Inverse of Permutations

If f be a permutation of degree n, defined on a finite set S consisting of n distinct elements, by definition f is a one-one mapping of S onto itself. Since f is one-one onto, it is invertible. Let {f^{ - 1}} be the inverse of map f then {f^{ - 1}} will also be one-one map of S onto itself. Thus,{f^{ - 1}} is also a permutation of degree n on S. This {f^{ - 1}} is known as the inverse of the permutation f.

Thus if

 f = \left( {\begin{array}{*{20}{c}}{{a_1}}&{{a_2}}&{{a_3}}& \ldots &{{a_n}} \\ {{b_1}}&{{b_2}}&{{b_3}}& \ldots &{{b_n}} \end{array}} \right)
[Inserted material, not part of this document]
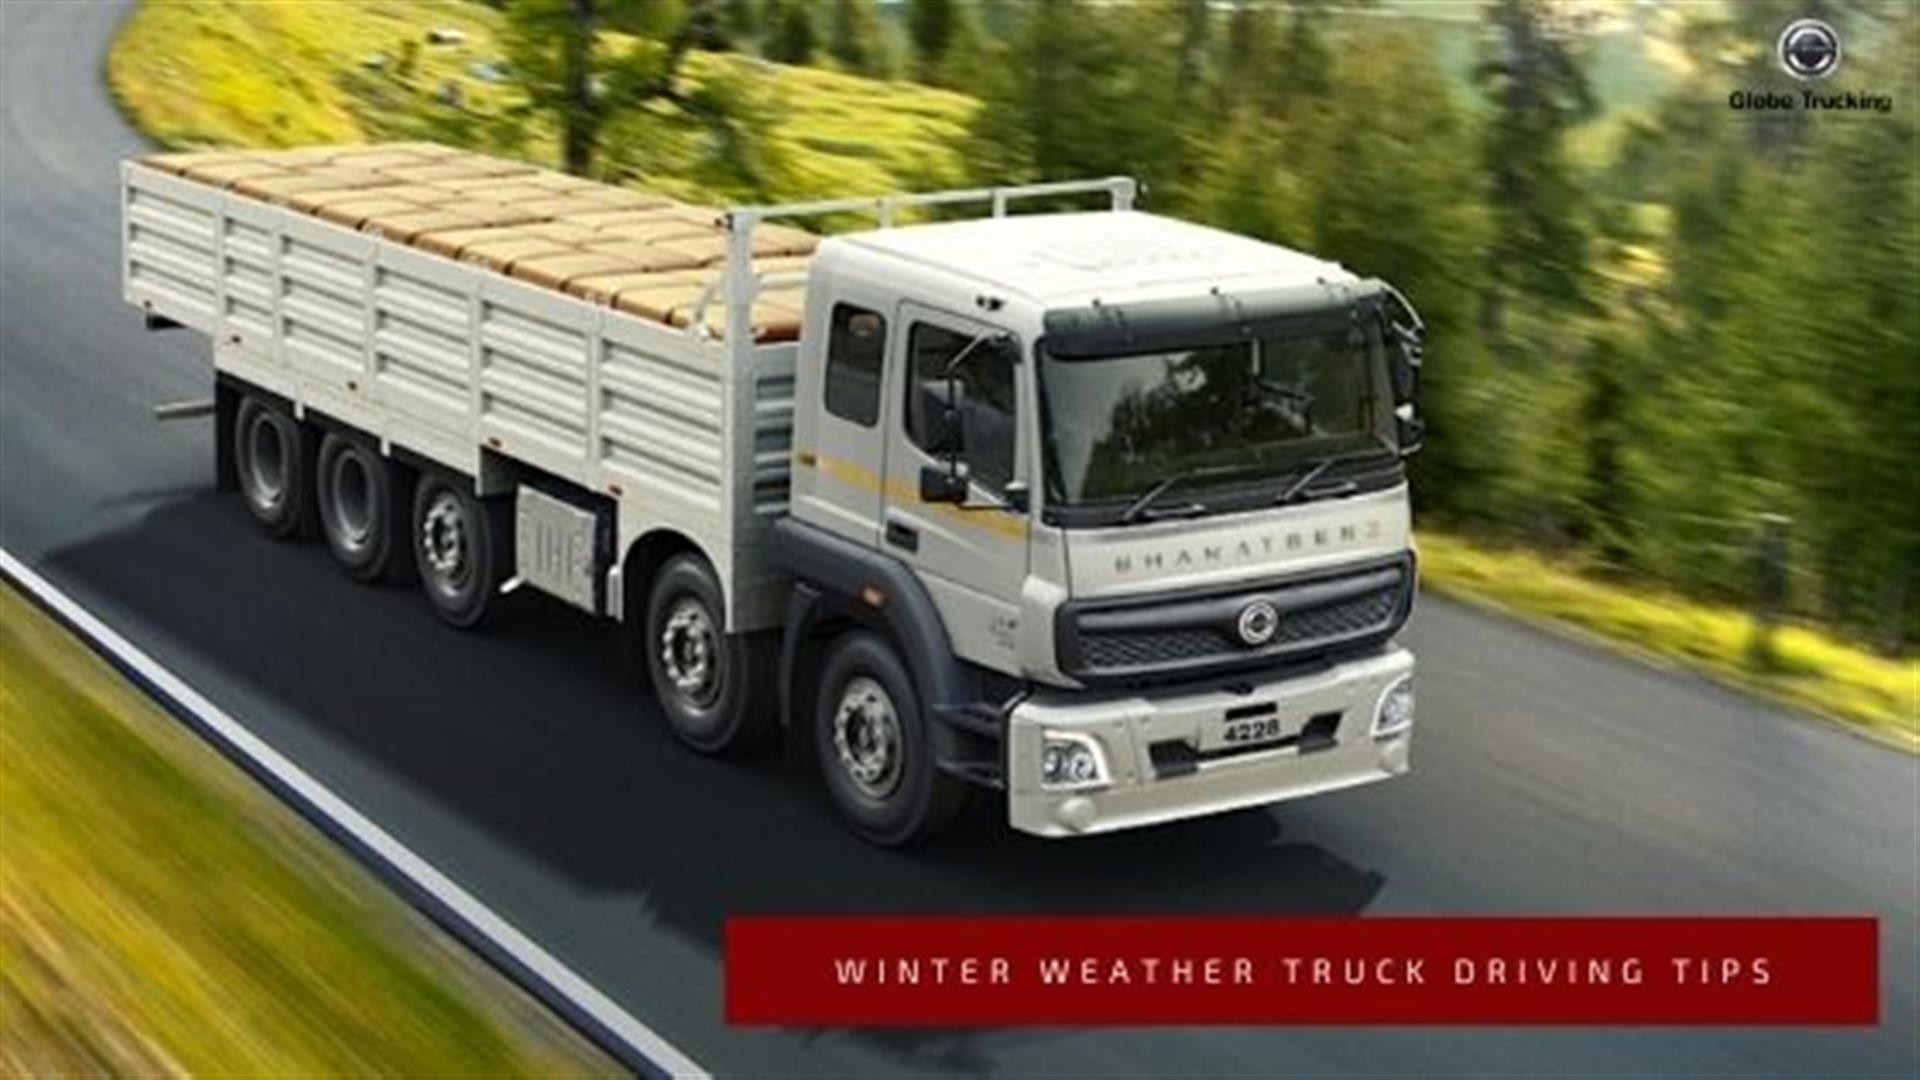 8 Key Winter Weather Truck Driving Tips

 {f^{ - 1}} = \left( {\begin{array}{*{20}{c}}{{b_1}}&{{b_2}}&{{b_3}}& \ldots &{{b_n}} \\ {{a_1}}&{{a_2}}&{{a_3}}& \ldots &{{a_n}} \end{array}} \right)

Note: Evidently {f^{ - 1}} is obtained by interchanging the rows of f because f\left( {{a_1}} \right) = {b_1} \Rightarrow {f^{ - 1}}\left( {{b_1}} \right) = {a_1} etc.